= Rolf Ketil Bjørn =

Norwegian businessperson and politician

Rolf Ketil Bjørn (18 January 1938 – 24 November 2008) was a Norwegian businessperson and politician for the Socialist Left Party.

Bjørn was born in Kåfjord Municipality as the son of director Rolf Bjørn (1906–2000) and housewife Mariane Malvik (1908–1993). He finished his secondary education in 1957, and eventually enrolled at the Norwegian School of Management. He worked in the private company Gustaf Aspelin from 1964 to 1962, and in the family business Ric Bjørn from 1964 to 1989. Despite his social background in the petite bourgeoisie, he became a member of left-wing political groups. For this, he earned the nickname "the red millionaire". From 1959 to 1964 he was a member of the secretariat of the Young Communist League of Norway, having chaired the local branch in Tromsø from 1952 to 1957. From 1966 he held local leadership in the Socialist People's Party, which later became the Socialist Left Party. He opposed Norwegian membership in the European Union and NATO. Nonetheless, he did favor cooperation with the social democratic Labour Party, both locally as well as in the national Red-Green Coalition.

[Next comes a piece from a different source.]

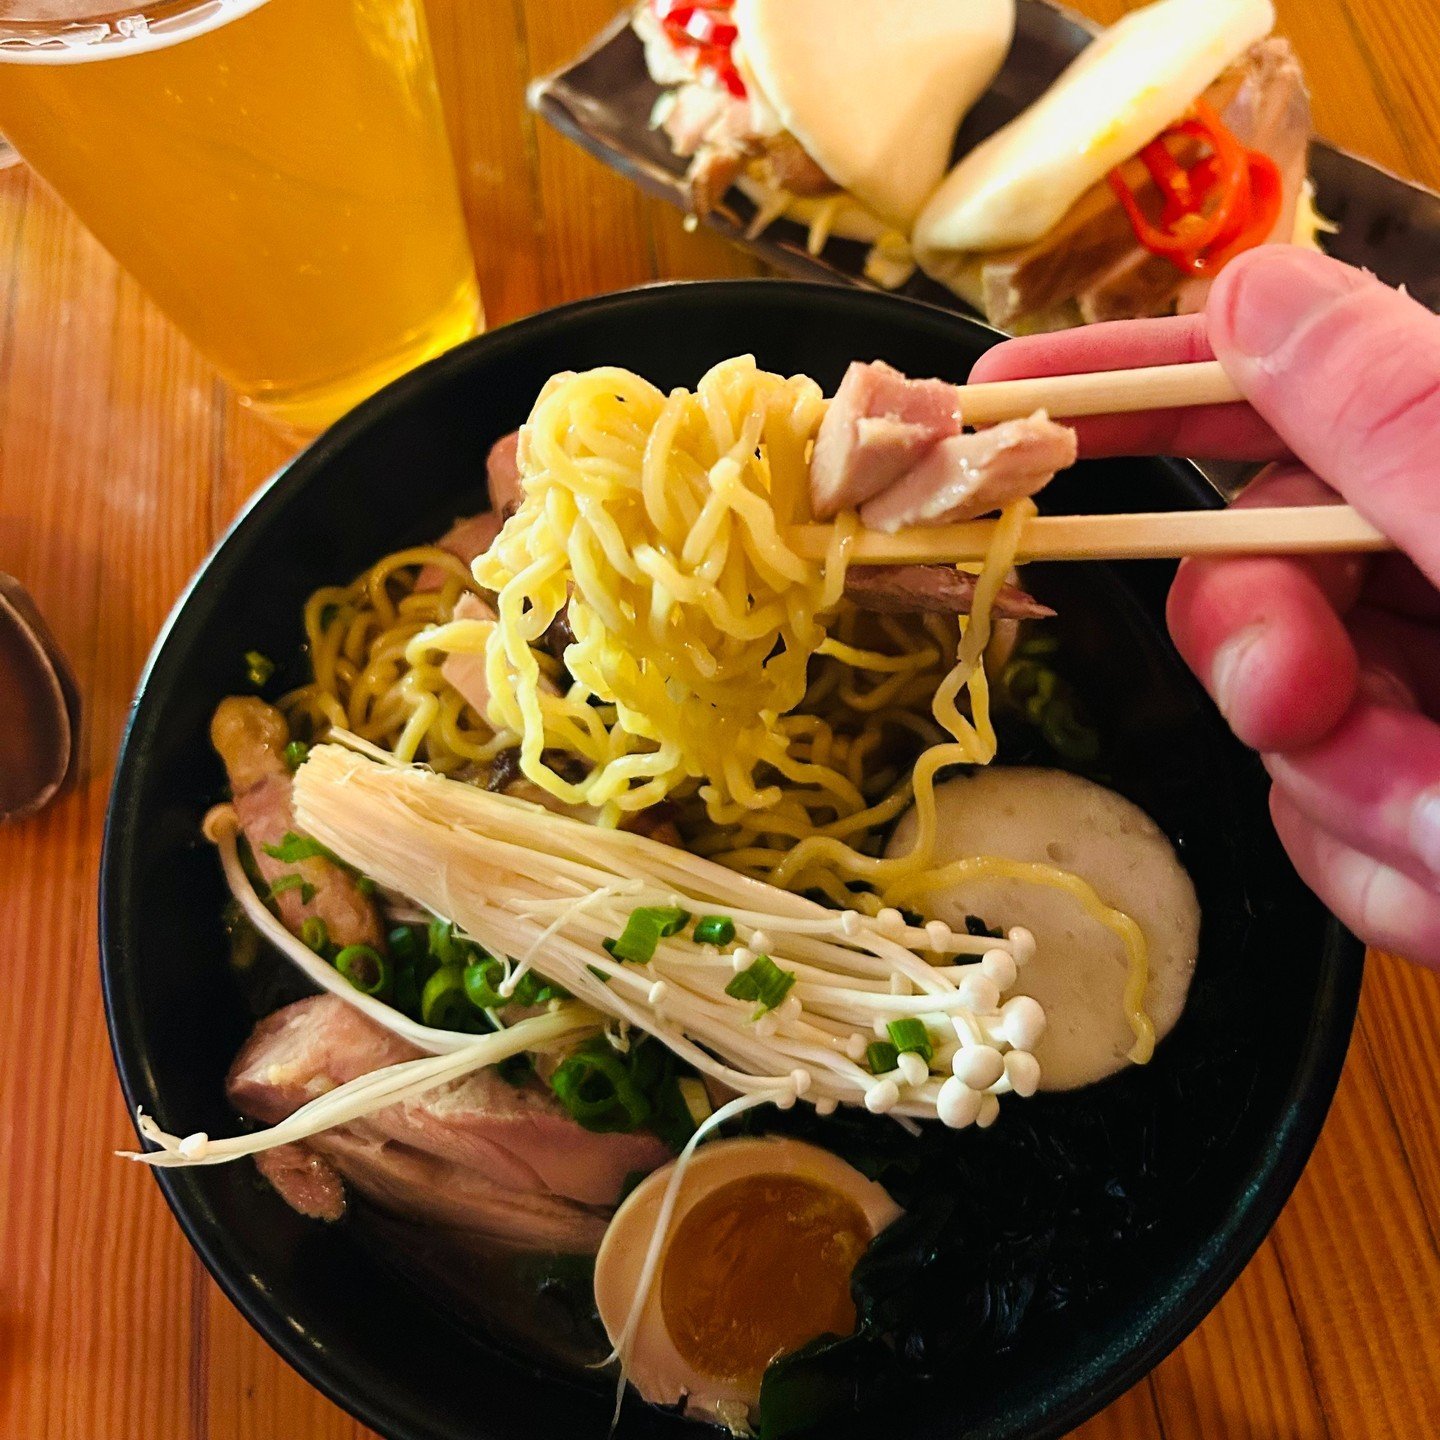 Shio makes the world go round 🌎✨ One of the oldest ramen seasonings sea salt (shio) reminds us of ramen&rsquo;s Chinese origins, &amp; Japan&rsquo;s reliance on the sea. This yummy dish is topped with smoked local chicken, wakame seaweed, enoki mush

He was elected to serve on the municipal council of Tromsø Municipality in 1987. Halfway through the term, in 1989, he was elected to represent Troms county in the Norwegian Parliament. He was re-elected in 1993 for a second, but final term. After this he served more terms in the municipal council. He finally retired in 2007.

Bjørn was married, and had three children. He died in November 2008, at the University Hospital of North Norway, of cancer.